Коричневый. Несмотря на талантливое описание игры Гаррика у Лихтенберга, несмотря на забавный энтузиазм, с каким он говорит о складочке, образовавшейся на черном, французского покроя парадном костюме под левым плечом Гаррика, когда тот в роли Гамлета сражался с Лаэртом в могиле Офелии, несмотря на анекдоты, рассказываемые о волшебстве Гаррика, я не могу, представляя его как личность, составить себе ясное представление об его трагической игре… Хогартовский арапчонок в «Дороге распутницы»[47], испуганный падающим чайным столом, — это, как известно, Гаррик в роли Отелло, и признаюсь, эта насмешка, может быть, сильно портит мне образ Гаррика. Мне думается, что в гарриковском исполнении Отелло была какая-то закавыка, а то бы Хогарту такое вообще не пришло в голову. Но как бы то ни было, можно, кажется, с уверенностью сказать, что в глубоком юморе Гаррика превосходил Фут[48].
Серый. Каким маленьким кругом трагических и комических ролей был бы, однако, ограничен юмористический актер, если бы он пренебрегал всем, что не строится на истинном юморе. В конце концов его роли составили бы шекспировскую галерею, а вы, полагаю, согласитесь со мной, что при нынешнем прозябании нашего театра дело весьма сомнительное — выпускать на сцену такого гиганта, чью поступь наши слабые подмостки едва ли выдержат.

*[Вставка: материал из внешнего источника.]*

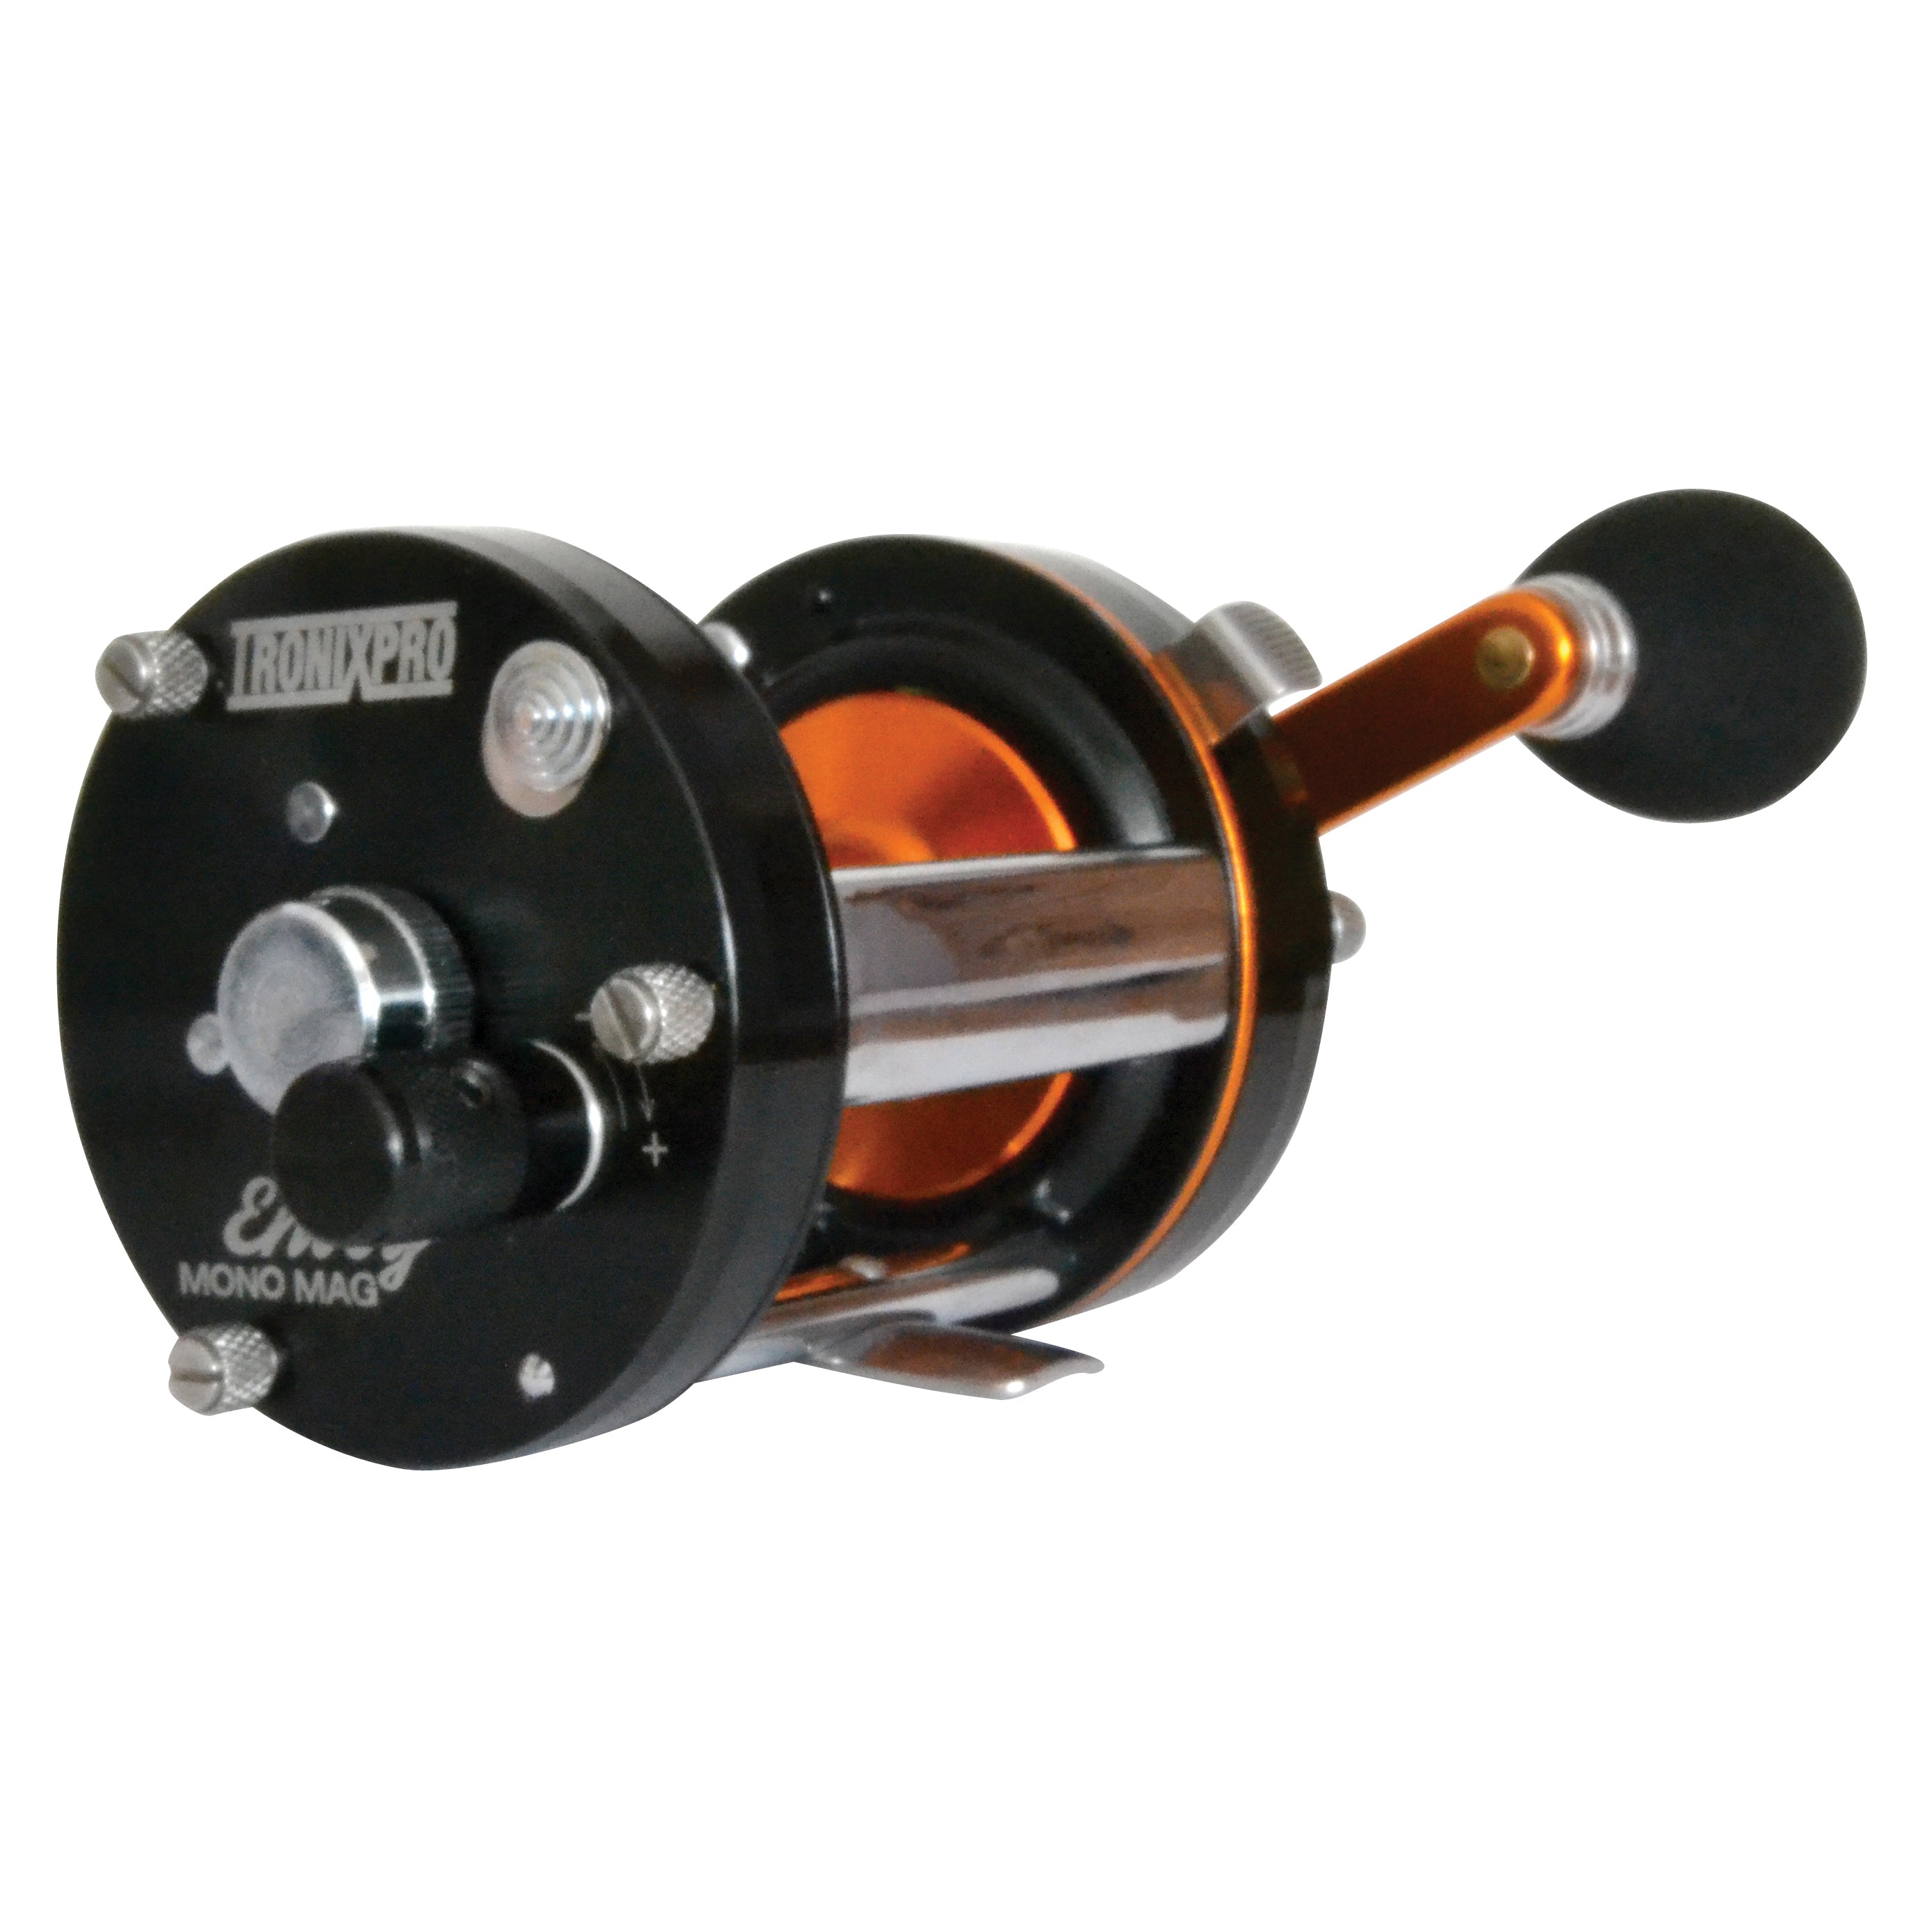 Tronixpro Envoy Mono Mag Multiplier Reel Now Only £39.99

Коричневый. Нужно только подпереть наши тонкие доски крепкими брусьями. Но для такого строительства, хотя оно представляется все более необходимым, нам не хватает сноровки, а главное — храбрости. Однако независимо от этого круг ролей, о которых вы говорили, не так узок, как то можно подумать… Вы упрекнули меня в том, что, оспаривая хваленую разносторонность иных актеров, я слишком грубо выбрал примеры разнородных ролей. Позвольте же мне назвать две роли, которые с виду прямо противоположны и все-таки могут быть сыграны одним и тем же действительно гениальным актером с одинаковой силой и достоверностью. Я имею в виду шекспировского Отелло и мольеровского Скупого.
Серый. Каково!.. Как согласовать это с принципами, изложенными вами ранее?.. Но нет!.. Я смутно чувствую, что вы можете быть правы, и прошу вразумить меня.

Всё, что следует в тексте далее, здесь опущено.